Quinoa (pronounced: keen-wah) is a seed. It originates from The Andes in South America where it has been known as a nutritious staple food for thousands of years. Originally, quinoa grows on the high plains of the Andes in Peru and Bolivia. At altitudes up to 4000 meters, in a climate where most crops fail but quinoa thrives, the plant with its broad, slightly hairy leaves, can be cultivated in areas with temperatures ranging from -4 to 35 degrees Celsius.
Even though quinoa is a seed, it has a nutritional make-up of a grain and therefor it is often marketed as an Ancient grain. The quinoa plant (its binomial name is Chenopodium quinoa) is considered a pseudocereal and is related to spinach. The young leaves of the quinoa plant are used as a vegetable in soups and stocks in by the natives in Peru. The flavor of the leaves is stronger than spinach.
The Andes Altiplano produces approx. 120 million kg of quinoa per year of which 40% is organic. The majority of quinoa production is by small family farms, which are often organized into faming cooperations/communities. Quinoa is also cultivated in North America, UK, Holland, France, Spain, India, China and even Australia.
Peruvians and Bolivians have been consuming quinoa for hundreds of years. A popular dish is a hot breakfast drink made from quinoa and apple. Often with sugar and cinnamon added. Most mornings in Lima you’ll find many street vendors offering the hot quinoa drinks in plastic cups. The drink is named after the street vendor carts: "quinua carretillera".
Another popular quinoa dish consumed mostly in the Peruvian Andes regions is ‘quaker’ (pronounced: kwaacair). The porridge dish is often made with quinoa and oats or just with quinoa.

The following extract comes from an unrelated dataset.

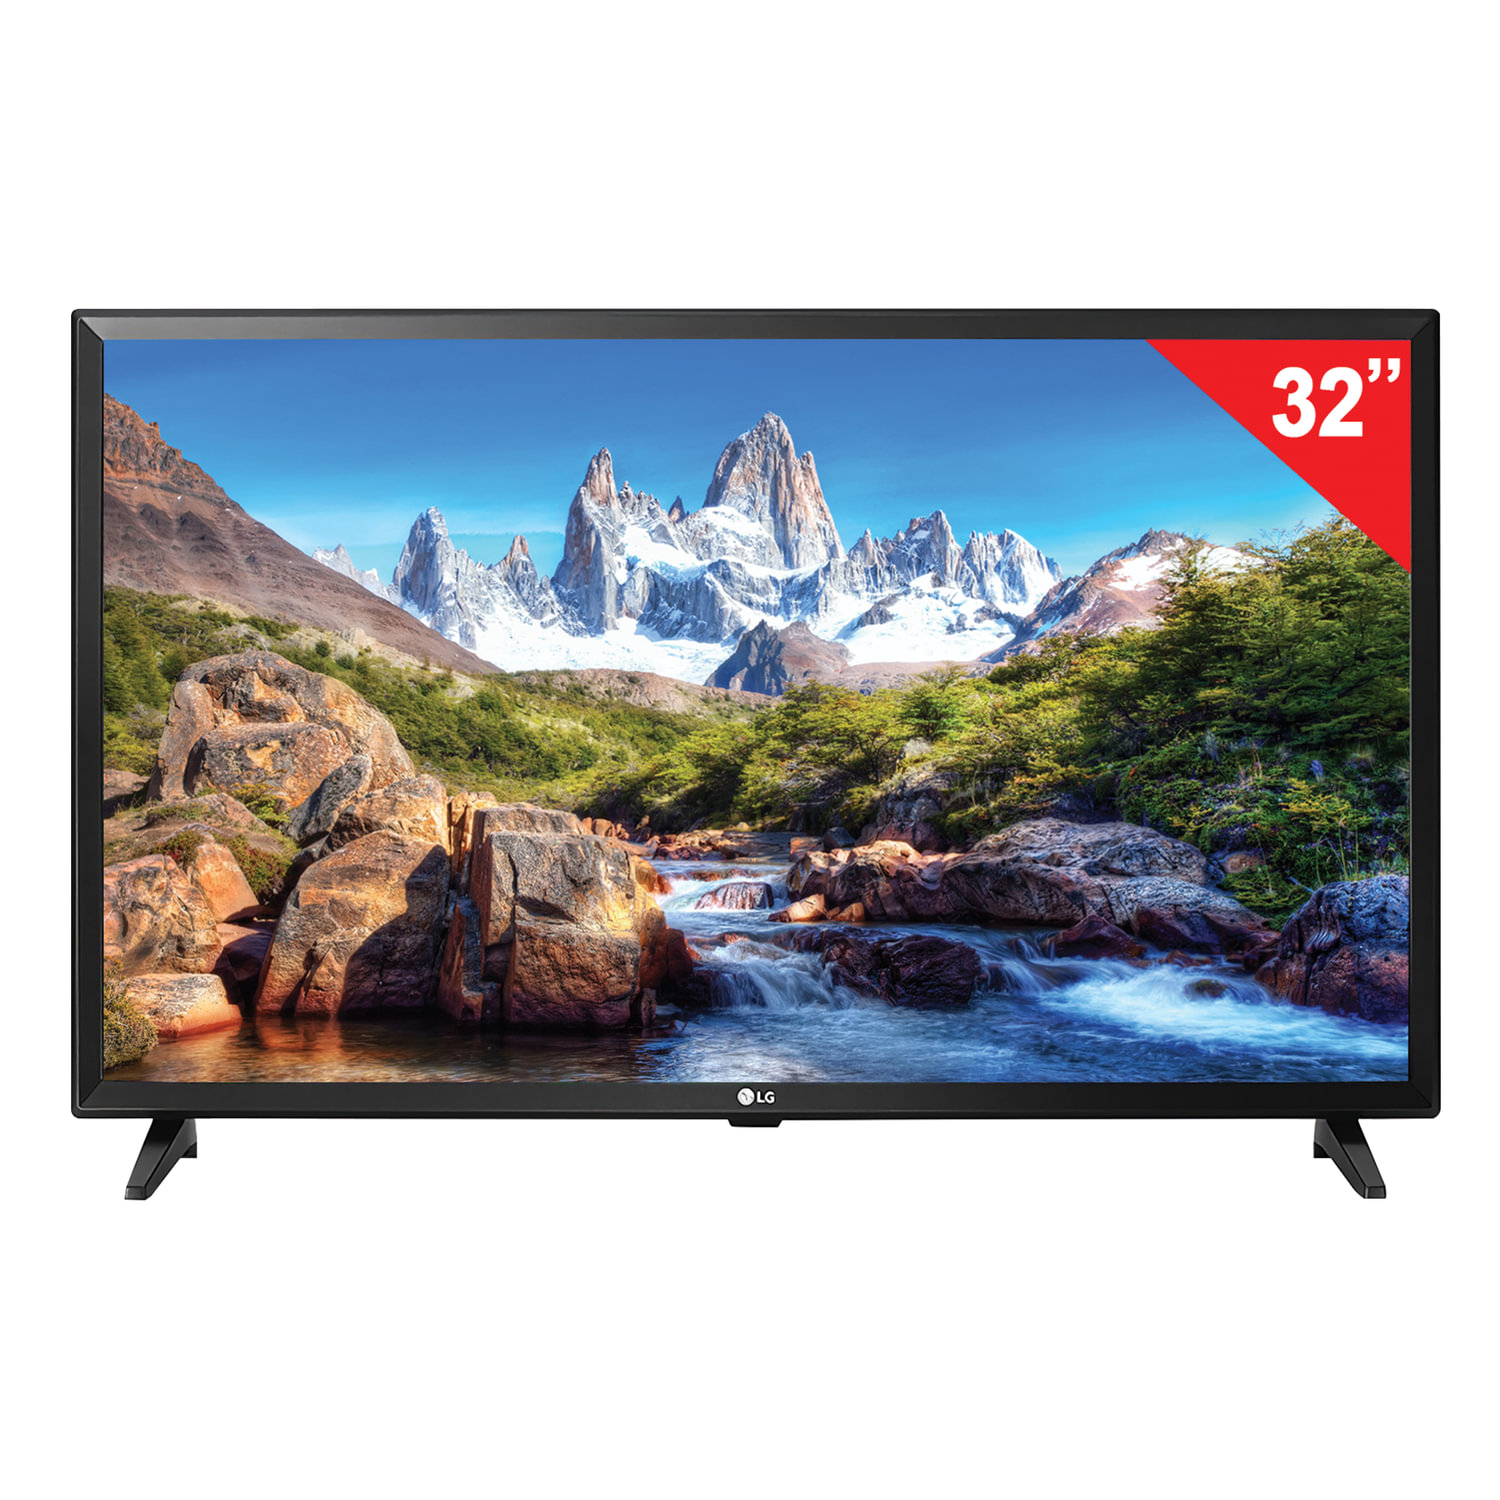 Цена телевизора екатеринбург. Телевизор LG 32lj510u. LG телевизоры 43 дюйма смарт. LG 32lj510u 2017 led. Телевизор LG Smart TV 32 дюйма.

Sometimes the quinoa is overcooked or ground to make it into a pap. The porridge is often sweetened with Panela (raw cane sugar). A popular version also has cacao, honey, cinnamon and nuts.

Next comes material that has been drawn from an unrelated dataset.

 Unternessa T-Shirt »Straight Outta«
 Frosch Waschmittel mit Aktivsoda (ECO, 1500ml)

The Andean ancient grain has a distinct flavor profile which is loved by chefs around the world. The flavor is quite hearty, slightly nutty. It pairs well in salads, with red meats, as coatings or simply as an alternative staple instead of potatoes or rice. The darker colored quinoa’s (red, purple, black) have an even nuttier flavor and can be used were one would opt for brown rice. Black quinoa is best cooked al-dente and is an excellent complement to salads or dishes that need a playful touch.

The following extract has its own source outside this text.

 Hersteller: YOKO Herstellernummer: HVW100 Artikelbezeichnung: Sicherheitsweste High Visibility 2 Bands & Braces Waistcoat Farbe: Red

Even though it’s nutritious benefits and unique flavor profile has been known since the 1980’s, when food writers in New York picked up on the Andean Grain, quinoa never reached the general public. Quinoa remained a niche health store product that was consumed by sports athletes, health conscious consumers, astronauts and used by some chefs in Latin American styled dishes.
Everything changed for quinoa in 2008. In that year Oprah Winfrey started her 21-day "cleanse diet" which featured "the complete food grain" Quinoa. Soon after, large retailers in the USA, such as Wholefoods, started promoting quinoa. Oprah’s did not know that her diet would change the lives of thousands of farming communities in Peru, Bolivia and Ecuador as demand for the ancient grain increased rapidly.
When the United Nations announced "International year of Quinoa" in 2013, demand for this ‘new’ ancient superfoods increased by nearly 500% and quinoa became a gold-rush product for several years to come.
After nearly 10 years of producingand marketing quinoa the product (and market) has matured. Peru and Bolivia are still the main producers of quinoa with a market share of approx. 65-70%. Other producing countries such as China, India, USA and various European countries are gaining market share each year with innovative quinoa crops that are produced in less harsh environments and are cheaper and easier to harvest. The flavor profile and nutritional values of Andes Altiplano quinoa is still superior. Combined with the marketing value of "Andean grains" and "Superfoods from the Andes", quinoa from Peru and Bolivia continues to thrive.